Led by ANC activists, students at Sussex would devise protests and campaigns, and spread these across the UK to other university campuses leading the international campaign to defeat apartheid.

Many prominent South Africans studied at Sussex, some served in Mandela’s first democratically elected government: Essop and Aziz Pahad, Rob Davies, Albie Sachs. More recently Sussex alumni have contributed to nation building and global endeavours: Her Excellency Robina Marks is the South African High Commissioner to Benin, and Fumani Mthembi is a Managing Director at Pele Group.

Sasha Roseneil

Sasha Roseneil, Vice-Chancellor and President of the University of Sussex. (Photo: University of Sussex)

What inspires me as Vice-Chancellor is to hear alumni say that Sussex not only gave them the knowledge to identify solutions to the world’s challenges, but also the skills and confidence to take action and change the world for the better. It is my profound belief that Sussex benefited enormously from hosting so many South African students and academics. Their experiences, their research and studies undoubtedly made us a richer university.

In more recent times, Sussex and South Africa have started to explore how a future collaboration could build on these historic ties. Last year, a delegation met with The Dr Blade Nzimande, Minister for Higher Education, Science and Technology, on his official visit to the UK; and earlier this year, we welcomed to our campus Professor Sibongile Muthwa with a delegation from Nelson Mandela University. On both occasions, we discussed the potential for greater collaboration.

The University of Sussex opened in 1961, the first of the postwar Universities in the UK. From the start, Sussex was a pioneer in interdisciplinary studies, radically rethinking the traditional structures of knowledge within universities, and the university developed a distinctive identity as a place for critical thinking and scientific and creative innovation.

Sussex was at the forefront of developments in computer science, breaking new ground in artificial intelligence, and the first transatlantic email was sent from the University of Sussex to the United States in 1973.

Today, the research being undertaken at Sussex continues to cut across boundaries to seek solutions that will benefit humankind, from climate change to energy policy, from precision agriculture to the future of work. We believe our research must have an impact in bringing about positive changes for communities and the world in which they live.

Exemplifying our profound internationalism and commitment to global social justice, for seven years running, we have been ranked No 1 in the world in the QS rankings for Development Studies. At the same time, our teaching is focused on delivering courses to address the grand challenges of our time, with Masters degrees in Energy and Climate Policy, Science and Technology Policy, and Innovation and Entrepreneurship. We want to equip students with the skills, knowledge and confidence to bring about deep-rooted and positive change in their communities.

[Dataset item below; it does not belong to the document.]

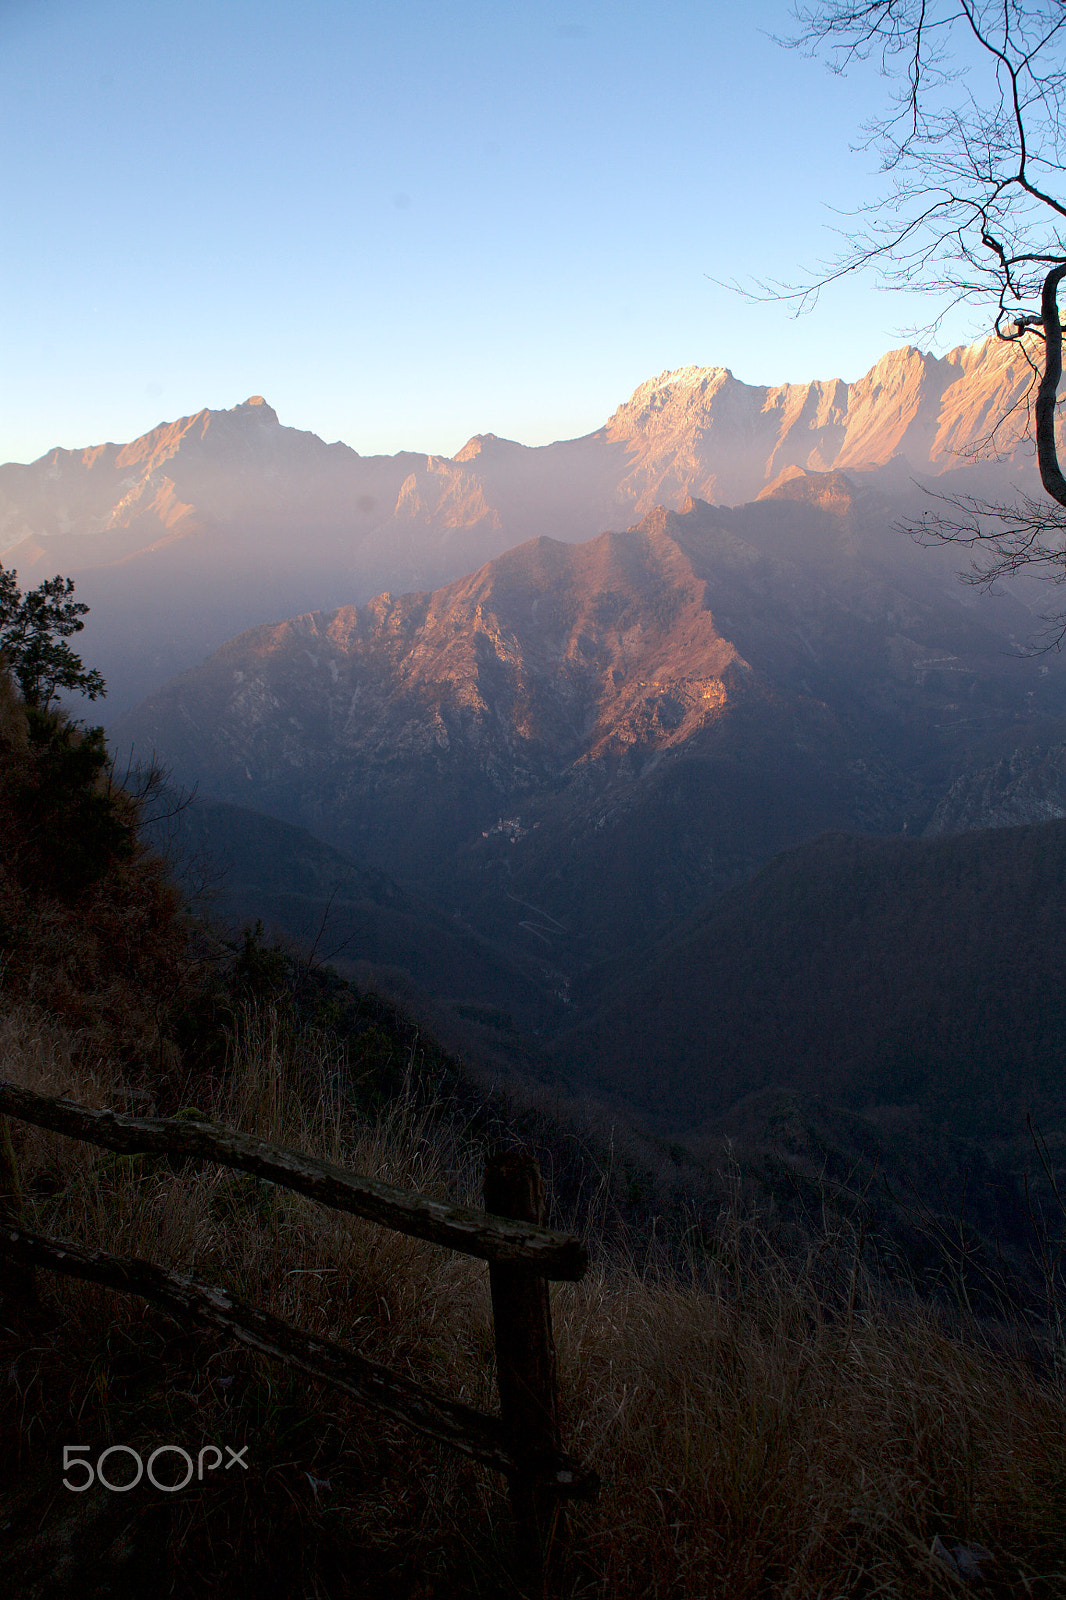 Canon EOS 5D sample photo. Apuane mountains landscape photography
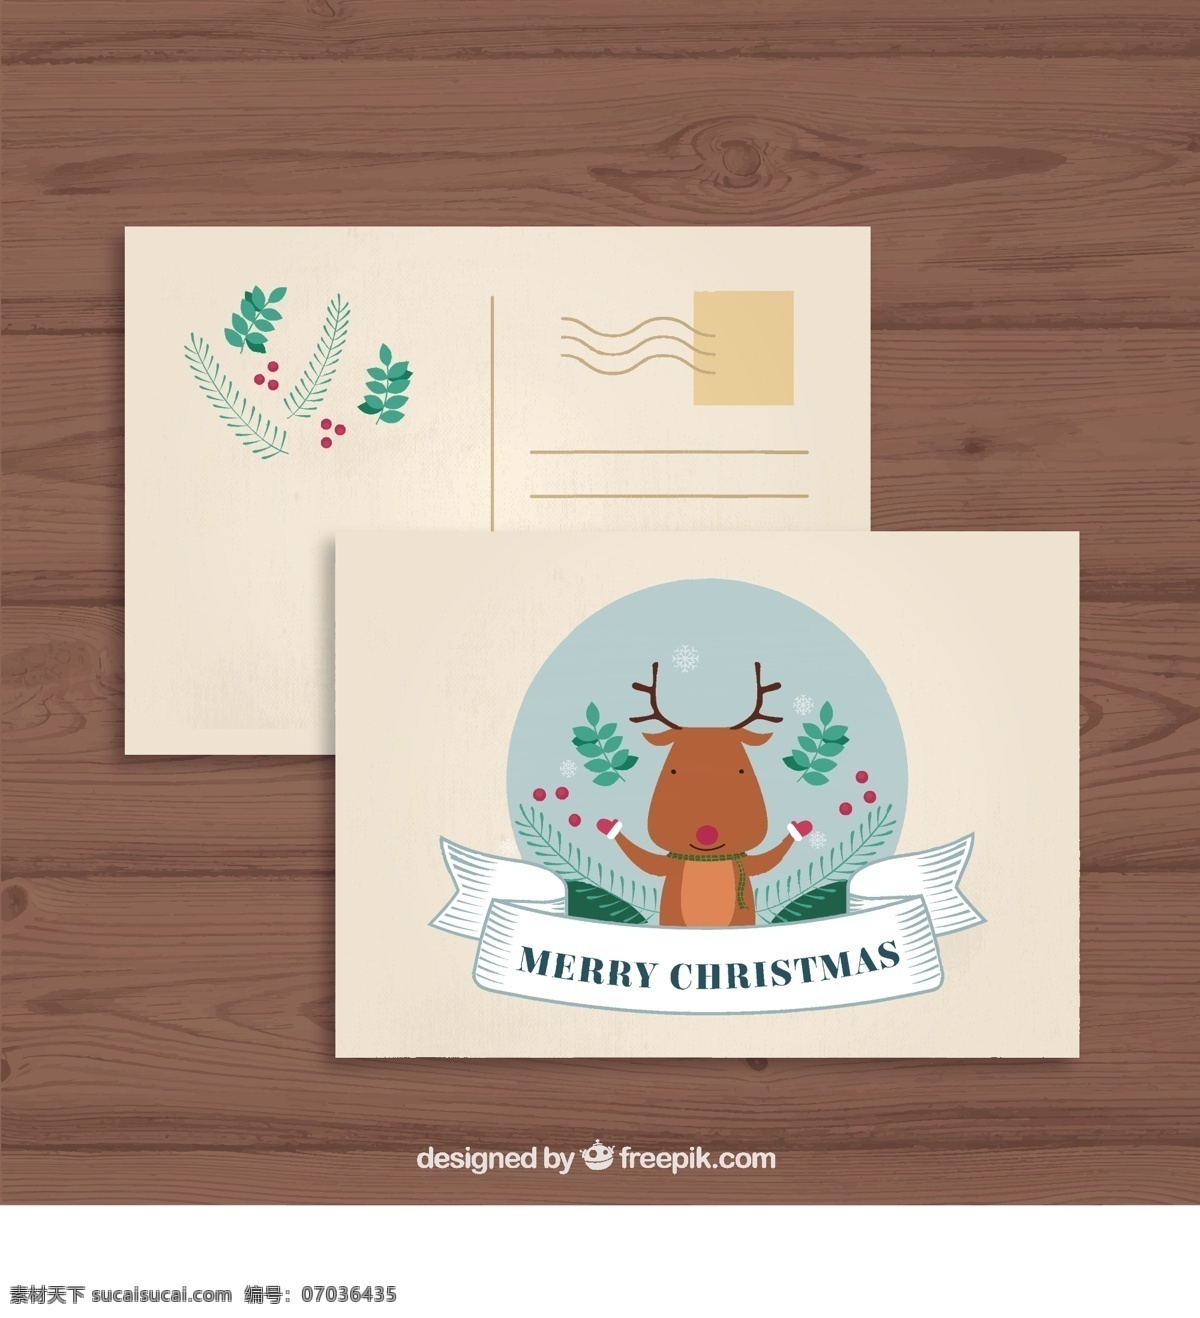 圣诞 驯鹿 明信片 圣诞节 动物 快乐 冬季 可爱的 庆祝 假日 节日 可爱 季节 问候 漂亮 风流

Sussex’s historic relationship with South Africa provides evidence that universities can harness education and research, civic and global engagement to bring about positive change. In an intensely interconnected world that urgently needs new ways of thinking and bold interventions, universities must find ways to engage more with their civic and global communities.

International collaborations are critical to our shared endeavours too: it is through the sharing of knowledge, skills and resources that we can collectively take action to help change our world for the better. The University of Sussex understands this dynamic perhaps more than most through its longstanding relationship with South Africa. DM

Professor Sasha Roseneil is Vice-Chancellor and President of the University of Sussex.